Если та ценность истины, которую может предложить логика, отодвигается на задний план, подвергается сомнению и отвергается, то неизбежно возникает вопрос: может ли существовать другая истина, отличная от логической? Иная, чем та, что основана на принципах логики и принципиально, методологически от них не отклоняется?

Какой могла бы быть эта другая истина? Её содержанием всё равно должен оставаться человек. Какая проблема человека, какой интерес к нему может и должен пробудить новую проблему истины, после того как ценность истины, составляющая основу человеческого научного мышления, поставлена под сомнение? Не должно ли возникнуть подозрение, что на место научных понятий и познаний могут встать мифологические фантазии? И не должно ли прежде всего возникнуть опасение, что виды и степени достоверности, которым учит логика, на этом пути будут нивелированы и устранены?

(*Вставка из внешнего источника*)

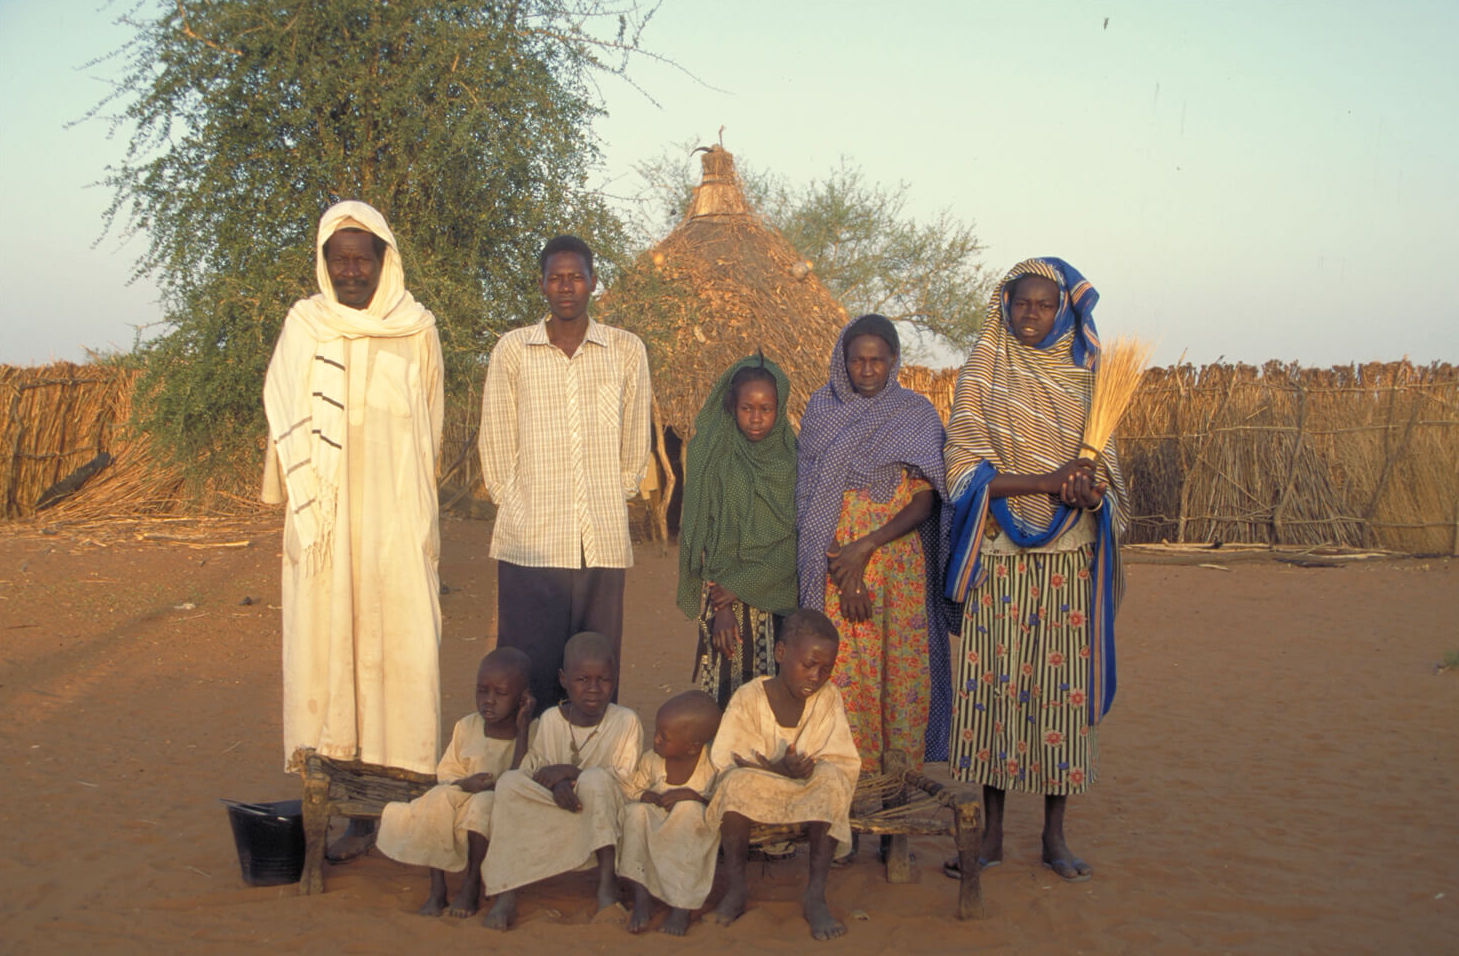 North Sudan – The article

Здесь мы должны указать на роковой недостаток в формуле «сущее и должное», как и в её применении. Мы уже говорили выше, что должное тоже должно означать некое бытие. Различие между сущим ни в коем случае не должно лишать должное ценности бытия, исключать должное из бытия. Лишь бытие природы, как природы естествознания, должно здесь означать сущее, и от этого бытия должно отличаться должное. Но какое же другое бытие тогда остаётся для него? Наш вопрос здесь направлен не на содержание этого бытия – к нему мы обратимся позже, – а на методологическую ценность этого бытия. Какую ценность истины ему можно приписать?

Здесь мы подходим к глубочайшей трудности в терминологии Канта, а именно – к отношению идеи к вещи в себе. Именно здесь начал Фихте, и здесь он мог прийти к иллюзии, что призван исправить Канта. Мы знаем из логики, что проблема вещи в себе не была полностью разрешена Кантом и не могла быть им разрешена, потому что он не довёл понятия реальности и действительности до полной ясности и определённости. Теперь мы должны увидеть, как этот основной недостаток связан с подобным же недостатком в определении идеи. Однако, рассматривая недостаток идеи, мы должны сначала уяснить себе её преимущество.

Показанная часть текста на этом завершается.